> **Task**: From the material below, reproduce exactly the stretch of lines that begins with the line holding "TY00071 Tarboya 71" and ends with the line holding "Early hand carved", skipping the pictures.

> **Materials provided**:
***
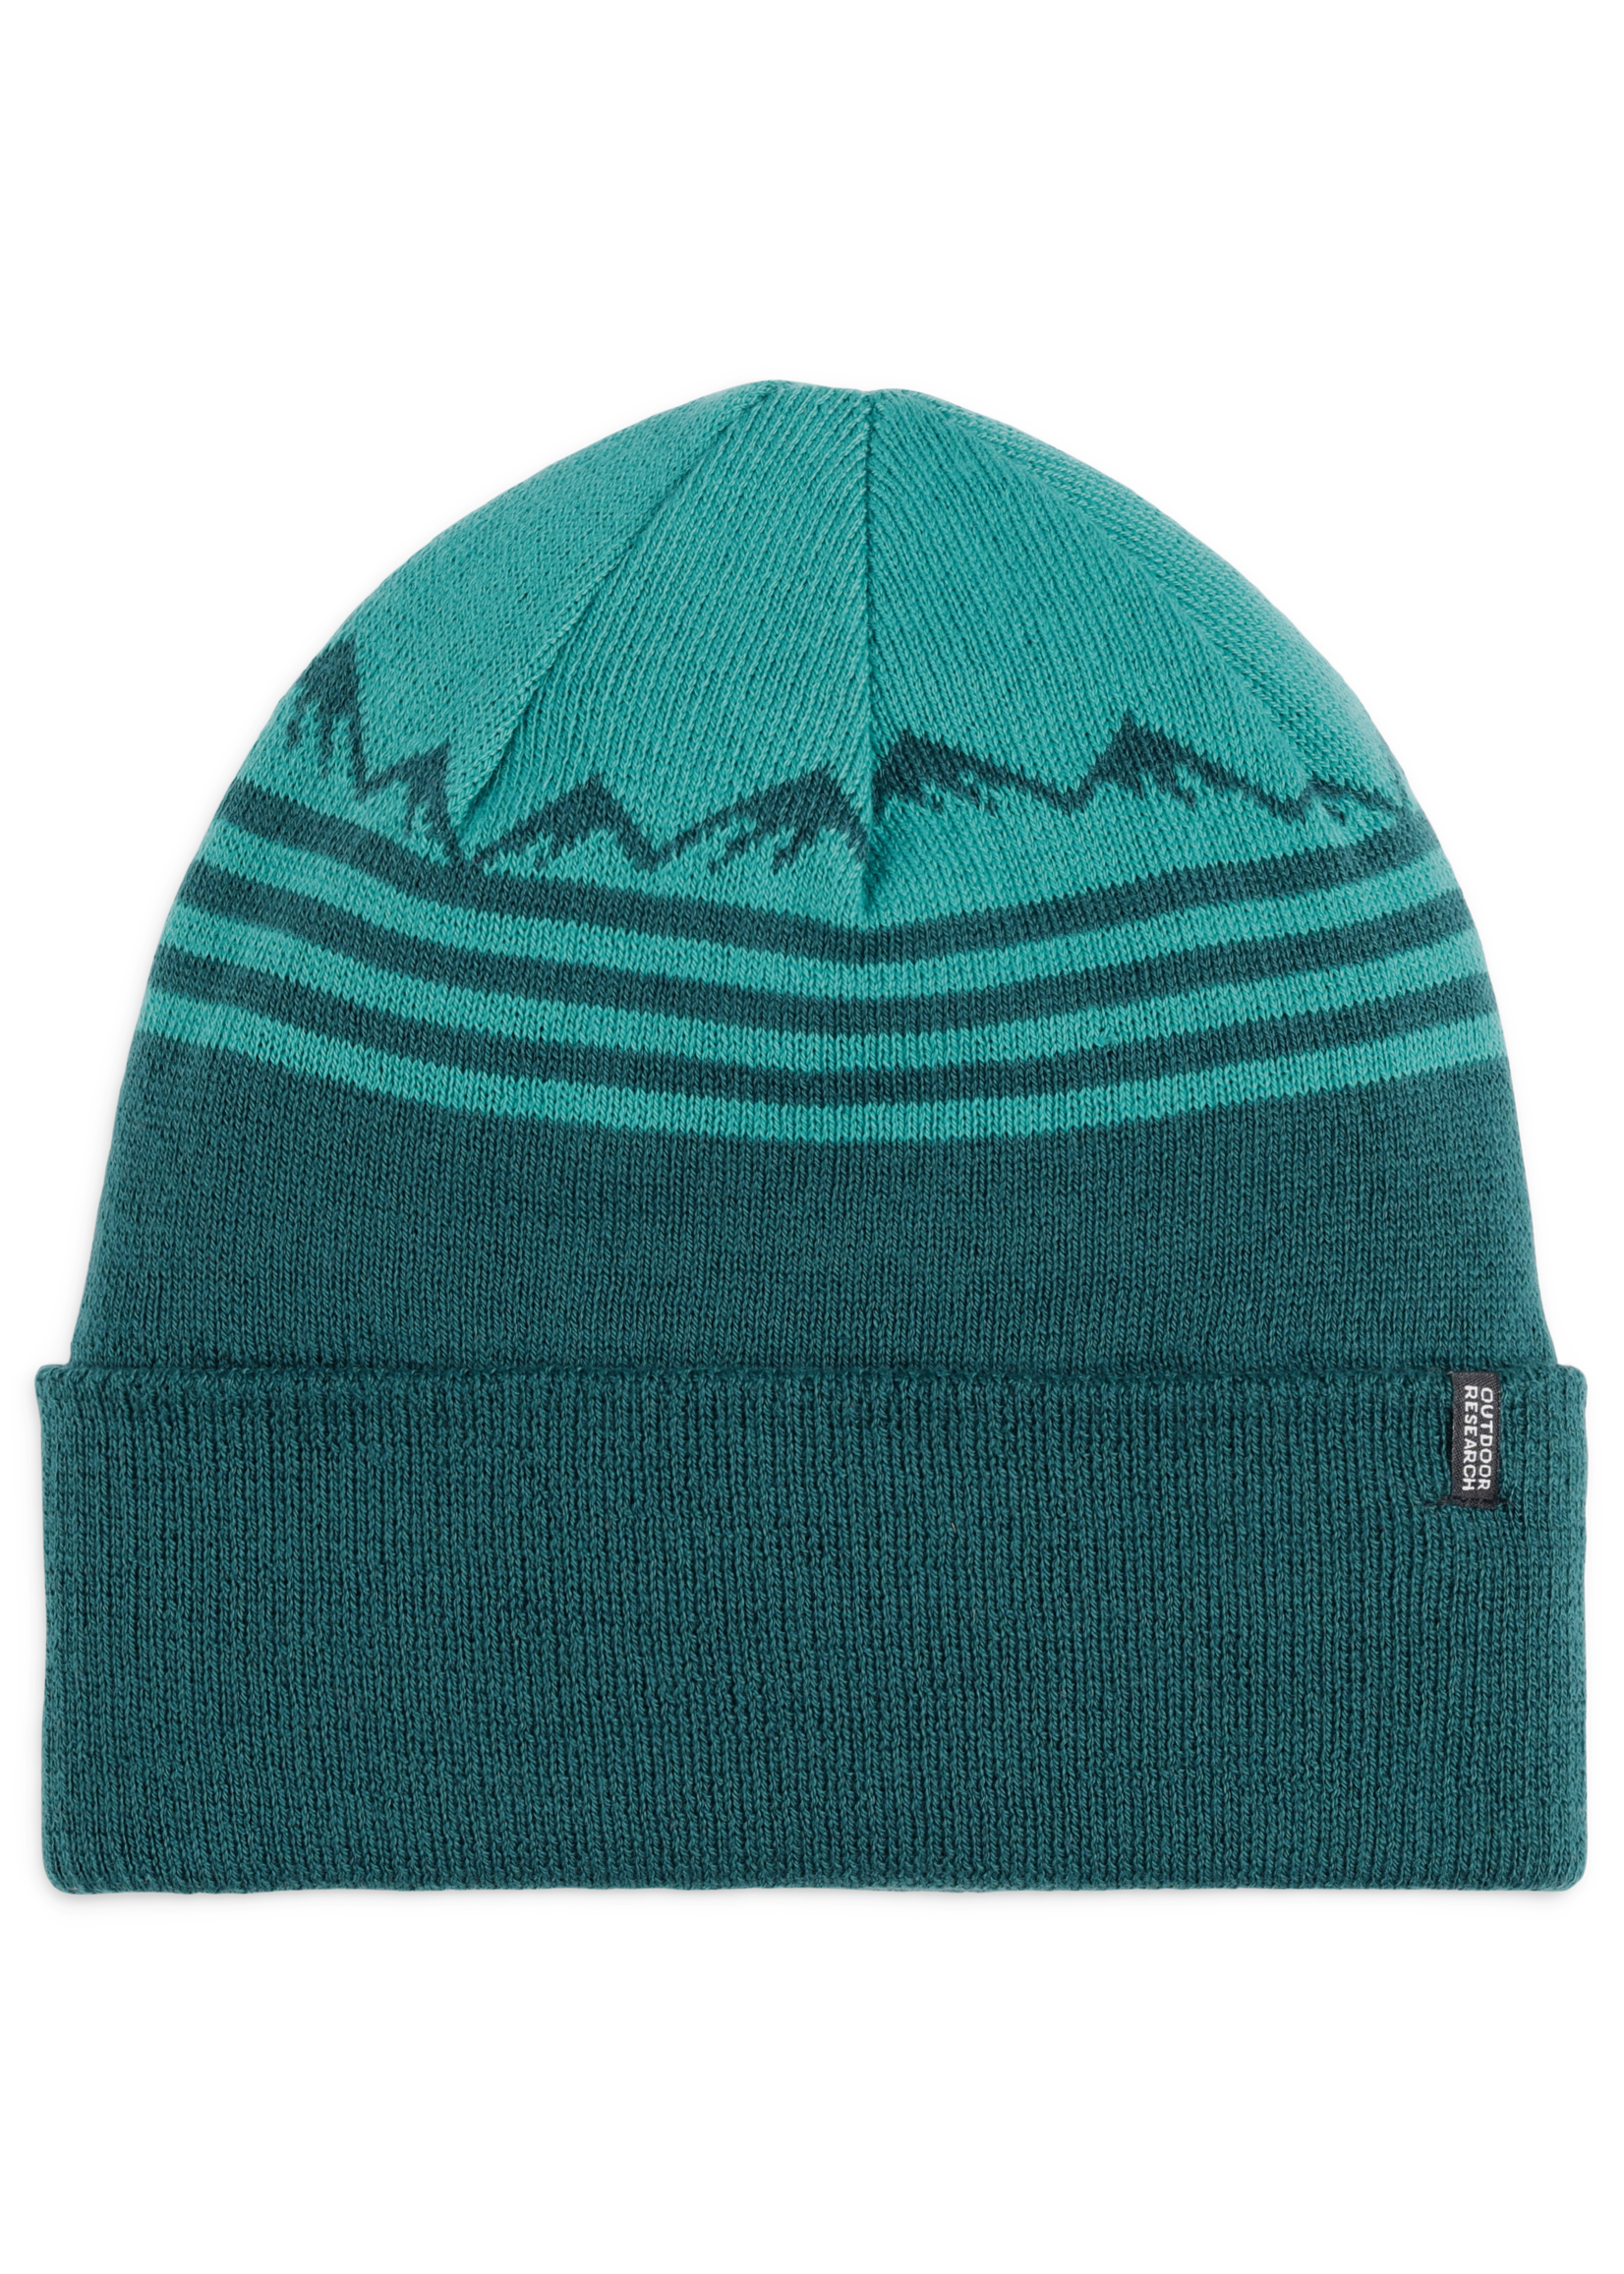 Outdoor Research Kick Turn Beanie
***
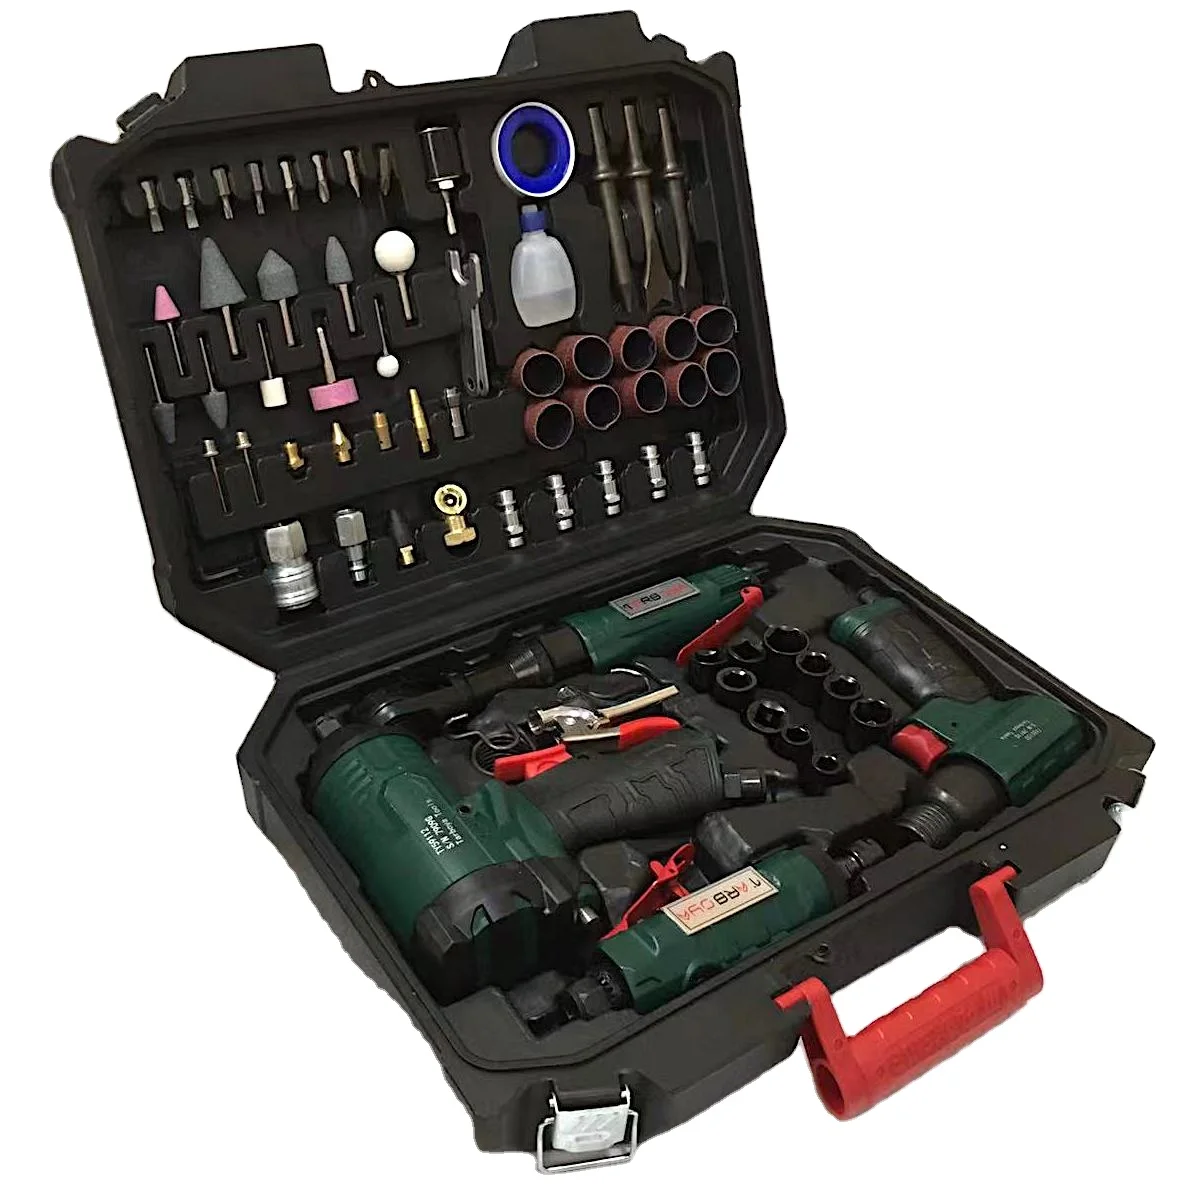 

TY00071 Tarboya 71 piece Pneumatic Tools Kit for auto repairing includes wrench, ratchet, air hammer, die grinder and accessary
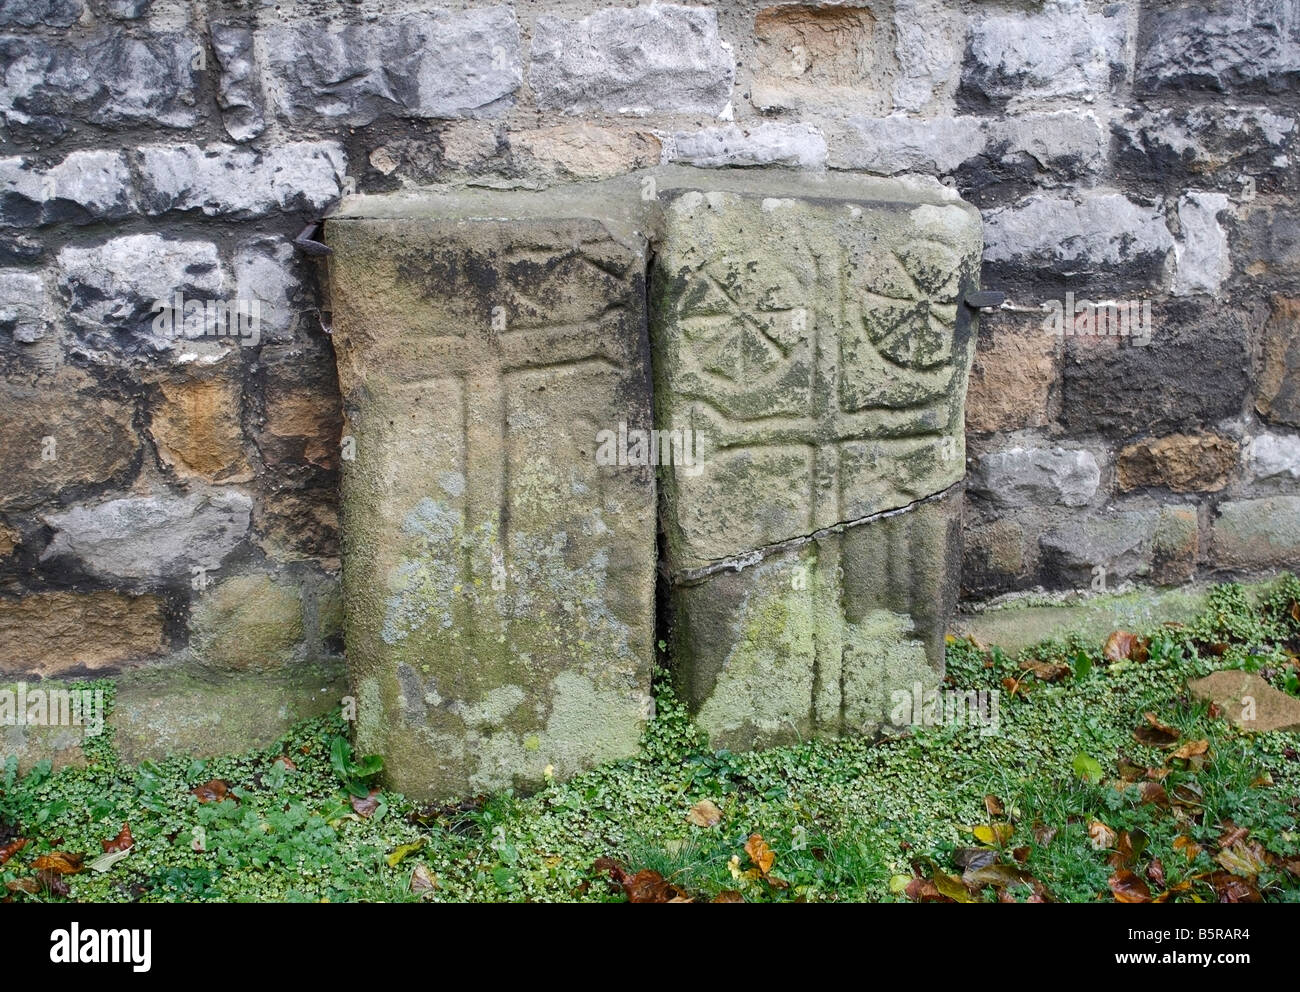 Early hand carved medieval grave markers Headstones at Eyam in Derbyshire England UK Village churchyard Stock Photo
***
> **Response**:
TY00071 Tarboya 71 piece Pneumatic Tools Kit for auto repairing includes wrench, ratchet, air hammer, die grinder and accessary
 Early hand carved medieval grave markers Headstones at Eyam in Derbyshire England UK Village churchyard Stock Photo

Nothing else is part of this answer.